Why can’t we have a soft landing or lower rates?

Milton Friedman said to watch government spending! Boy, was he right. The government is spending like we are in a recession and little of it is hitting the real economy. Just look at the deficit, interest expense, and the reverse repo market keeling over.

When the reverse repo market experiences a drain, this typically significantly decreases the amount of cash available in the market. The government is draining it with all its deficit spending and will get worse as revenues start falling and interest payments rise.

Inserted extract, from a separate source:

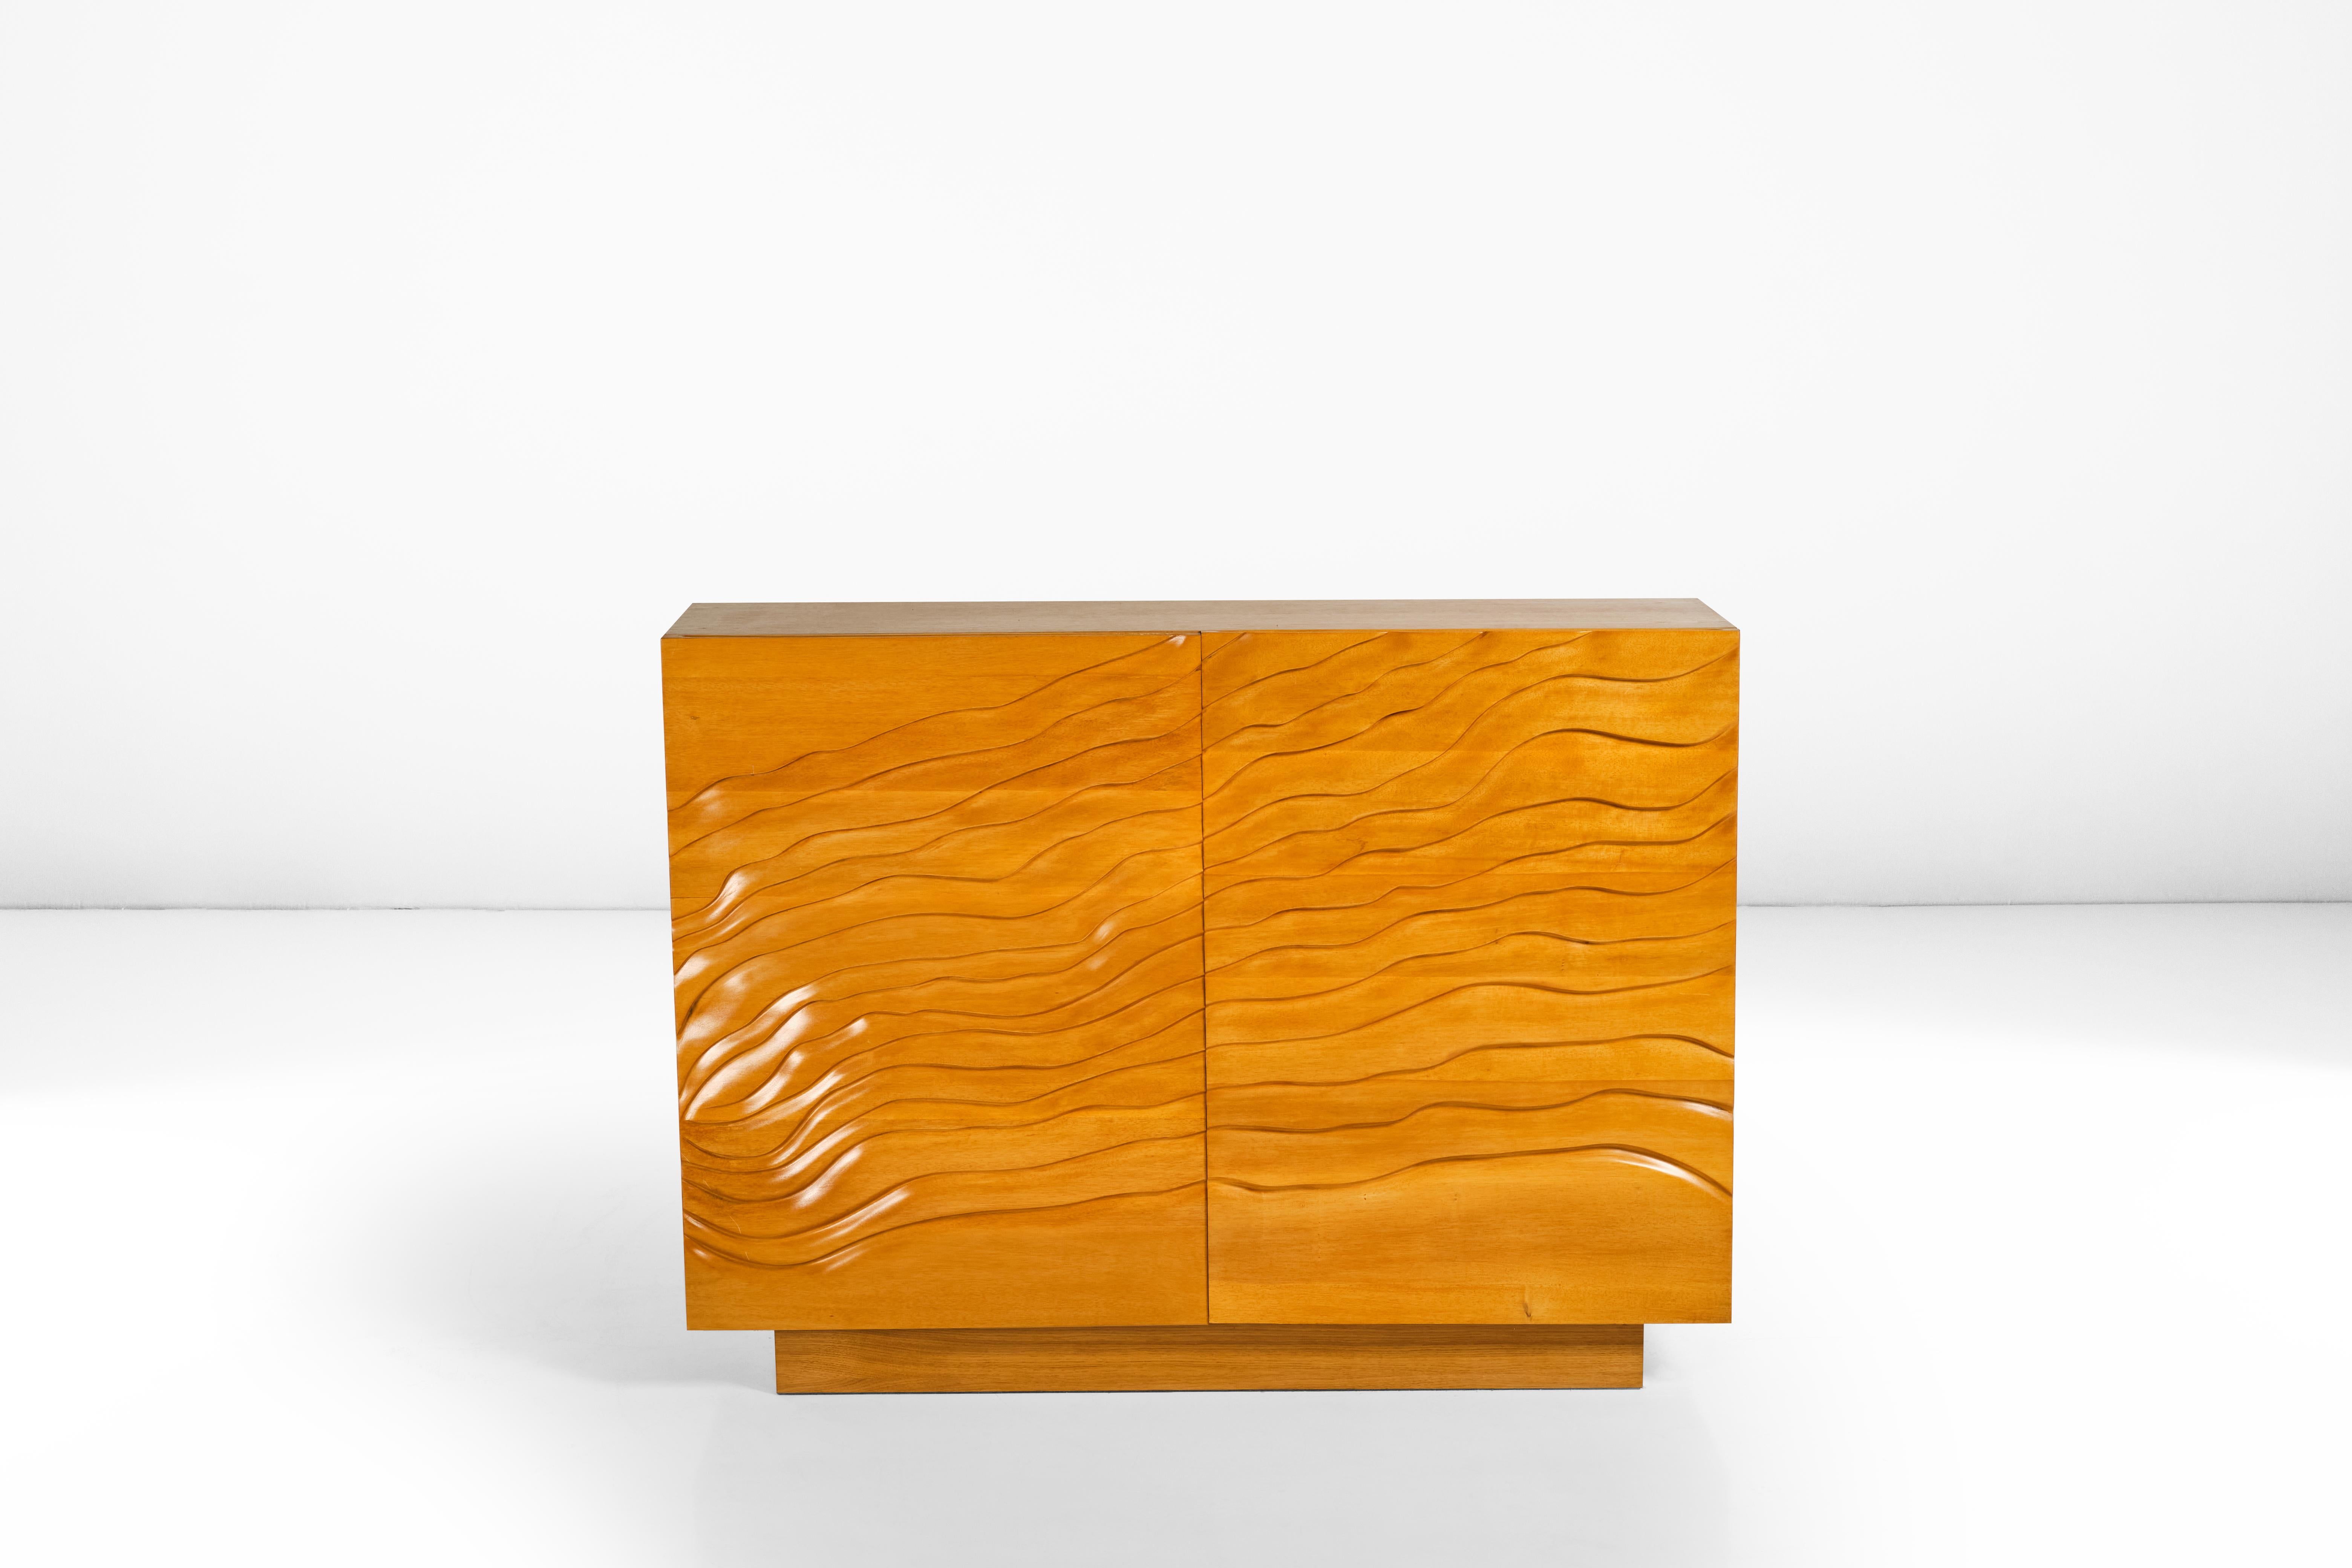 Pair of Sculptural Cabinets, Italian Design, 1960 circa For Sale 1
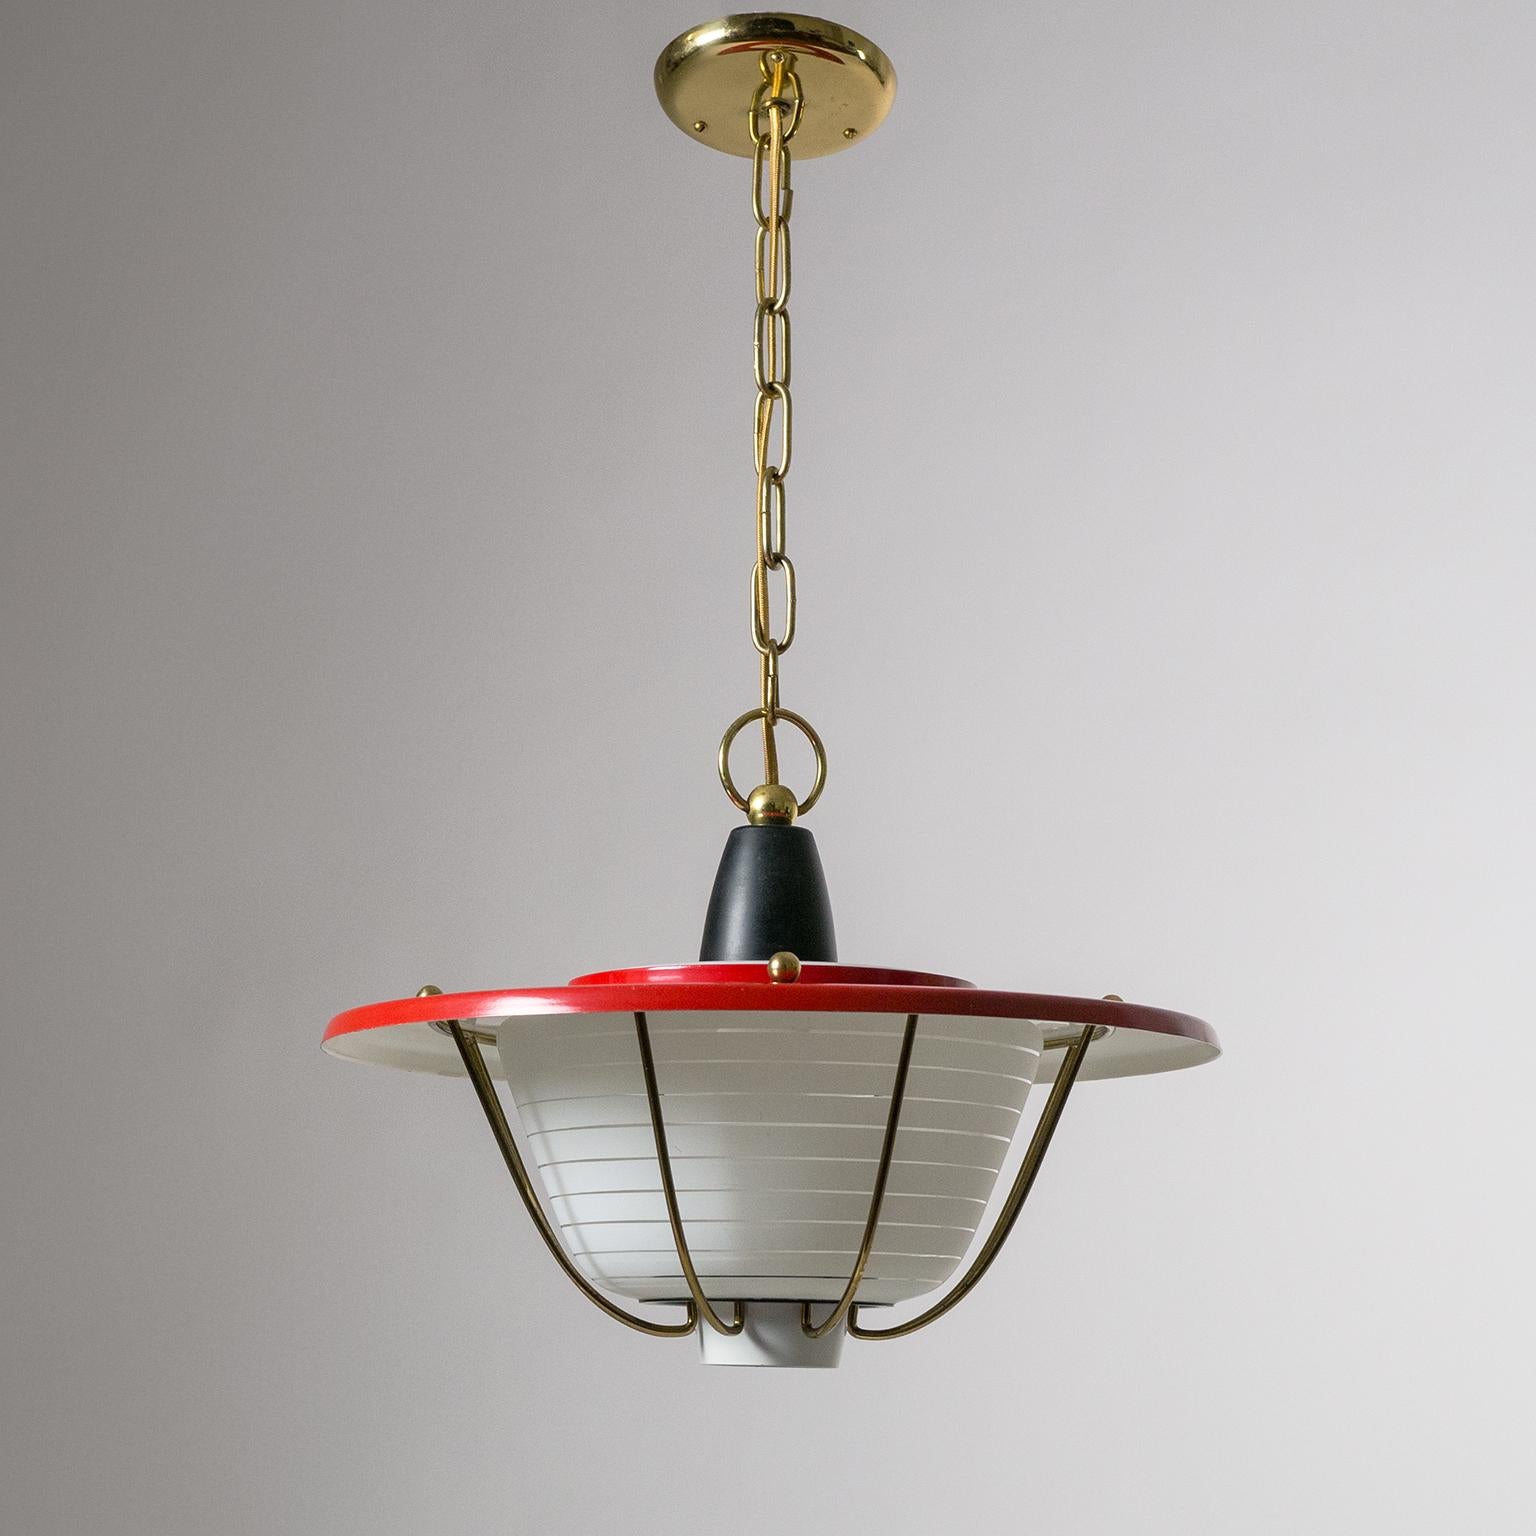 Charming French midcentury lantern with a striped glass diffuser, red lacquered shade and brass cage. Very good original condition with minimal wear to the lacquered parts and a light patina on the brass. One original brass E27 socket with new

Simply put the Us government is draining excess cash in the system to fund unsustainable spending and when it runs out it will start draining money from the real economy and significantly curb growth.

A drain in the reverse repo market means there is a reduction in the supply of cash available in the market and can put upward pressure on rates. This is happening as the Fed is doing 75B a month of QT. Banks are on the receiving end of all that is wrong with the economy.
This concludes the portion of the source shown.